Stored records
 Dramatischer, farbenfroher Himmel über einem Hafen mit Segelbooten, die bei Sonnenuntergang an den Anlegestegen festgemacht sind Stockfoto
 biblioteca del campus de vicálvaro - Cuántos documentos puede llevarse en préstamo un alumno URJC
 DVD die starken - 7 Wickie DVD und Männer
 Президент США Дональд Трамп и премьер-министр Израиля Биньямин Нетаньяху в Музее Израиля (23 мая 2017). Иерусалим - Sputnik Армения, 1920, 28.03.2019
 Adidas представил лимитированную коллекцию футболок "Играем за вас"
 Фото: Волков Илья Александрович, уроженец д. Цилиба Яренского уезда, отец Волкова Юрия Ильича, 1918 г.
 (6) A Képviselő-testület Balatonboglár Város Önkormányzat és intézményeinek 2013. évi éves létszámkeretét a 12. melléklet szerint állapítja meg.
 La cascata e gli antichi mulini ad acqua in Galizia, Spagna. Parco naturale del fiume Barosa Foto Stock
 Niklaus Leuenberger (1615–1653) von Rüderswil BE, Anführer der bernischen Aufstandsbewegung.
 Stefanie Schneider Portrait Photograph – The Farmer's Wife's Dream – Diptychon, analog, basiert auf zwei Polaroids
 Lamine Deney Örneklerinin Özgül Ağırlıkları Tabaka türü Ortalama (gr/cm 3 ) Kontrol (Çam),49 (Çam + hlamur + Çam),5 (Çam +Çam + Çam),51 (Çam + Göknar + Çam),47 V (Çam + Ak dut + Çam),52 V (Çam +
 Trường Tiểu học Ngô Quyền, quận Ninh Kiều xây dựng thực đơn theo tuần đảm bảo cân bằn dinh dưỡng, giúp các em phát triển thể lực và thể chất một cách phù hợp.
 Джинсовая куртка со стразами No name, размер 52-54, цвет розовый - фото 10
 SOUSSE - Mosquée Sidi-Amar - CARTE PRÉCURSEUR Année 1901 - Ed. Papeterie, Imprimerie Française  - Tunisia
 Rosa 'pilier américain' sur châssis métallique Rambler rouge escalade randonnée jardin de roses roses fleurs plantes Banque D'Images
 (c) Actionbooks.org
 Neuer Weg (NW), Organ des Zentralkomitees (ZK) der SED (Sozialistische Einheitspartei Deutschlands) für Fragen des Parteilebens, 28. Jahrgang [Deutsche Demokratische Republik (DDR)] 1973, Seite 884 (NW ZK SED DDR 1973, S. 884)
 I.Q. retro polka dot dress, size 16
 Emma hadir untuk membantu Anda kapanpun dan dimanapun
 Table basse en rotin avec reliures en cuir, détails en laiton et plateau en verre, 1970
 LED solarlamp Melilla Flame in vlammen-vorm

» Task to carry out
The full set of lines above should be retyped without a single change.

» Written solution
 Dramatischer, farbenfroher Himmel über einem Hafen mit Segelbooten, die bei Sonnenuntergang an den Anlegestegen festgemacht sind Stockfoto
 biblioteca del campus de vicálvaro - Cuántos documentos puede llevarse en préstamo un alumno URJC
 DVD die starken - 7 Wickie DVD und Männer
 Президент США Дональд Трамп и премьер-министр Израиля Биньямин Нетаньяху в Музее Израиля (23 мая 2017). Иерусалим - Sputnik Армения, 1920, 28.03.2019
 Adidas представил лимитированную коллекцию футболок "Играем за вас"
 Фото: Волков Илья Александрович, уроженец д. Цилиба Яренского уезда, отец Волкова Юрия Ильича, 1918 г.
 (6) A Képviselő-testület Balatonboglár Város Önkormányzat és intézményeinek 2013. évi éves létszámkeretét a 12. melléklet szerint állapítja meg.
 La cascata e gli antichi mulini ad acqua in Galizia, Spagna. Parco naturale del fiume Barosa Foto Stock
 Niklaus Leuenberger (1615–1653) von Rüderswil BE, Anführer der bernischen Aufstandsbewegung.
 Stefanie Schneider Portrait Photograph – The Farmer's Wife's Dream – Diptychon, analog, basiert auf zwei Polaroids
 Lamine Deney Örneklerinin Özgül Ağırlıkları Tabaka türü Ortalama (gr/cm 3 ) Kontrol (Çam),49 (Çam + hlamur + Çam),5 (Çam +Çam + Çam),51 (Çam + Göknar + Çam),47 V (Çam + Ak dut + Çam),52 V (Çam +
 Trường Tiểu học Ngô Quyền, quận Ninh Kiều xây dựng thực đơn theo tuần đảm bảo cân bằn dinh dưỡng, giúp các em phát triển thể lực và thể chất một cách phù hợp.
 Джинсовая куртка со стразами No name, размер 52-54, цвет розовый - фото 10
 SOUSSE - Mosquée Sidi-Amar - CARTE PRÉCURSEUR Année 1901 - Ed. Papeterie, Imprimerie Française  - Tunisia
 Rosa 'pilier américain' sur châssis métallique Rambler rouge escalade randonnée jardin de roses roses fleurs plantes Banque D'Images
 (c) Actionbooks.org
 Neuer Weg (NW), Organ des Zentralkomitees (ZK) der SED (Sozialistische Einheitspartei Deutschlands) für Fragen des Parteilebens, 28. Jahrgang [Deutsche Demokratische Republik (DDR)] 1973, Seite 884 (NW ZK SED DDR 1973, S. 884)
 I.Q. retro polka dot dress, size 16
 Emma hadir untuk membantu Anda kapanpun dan dimanapun
 Table basse en rotin avec reliures en cuir, détails en laiton et plateau en verre, 1970
 LED solarlamp Melilla Flame in vlammen-vorm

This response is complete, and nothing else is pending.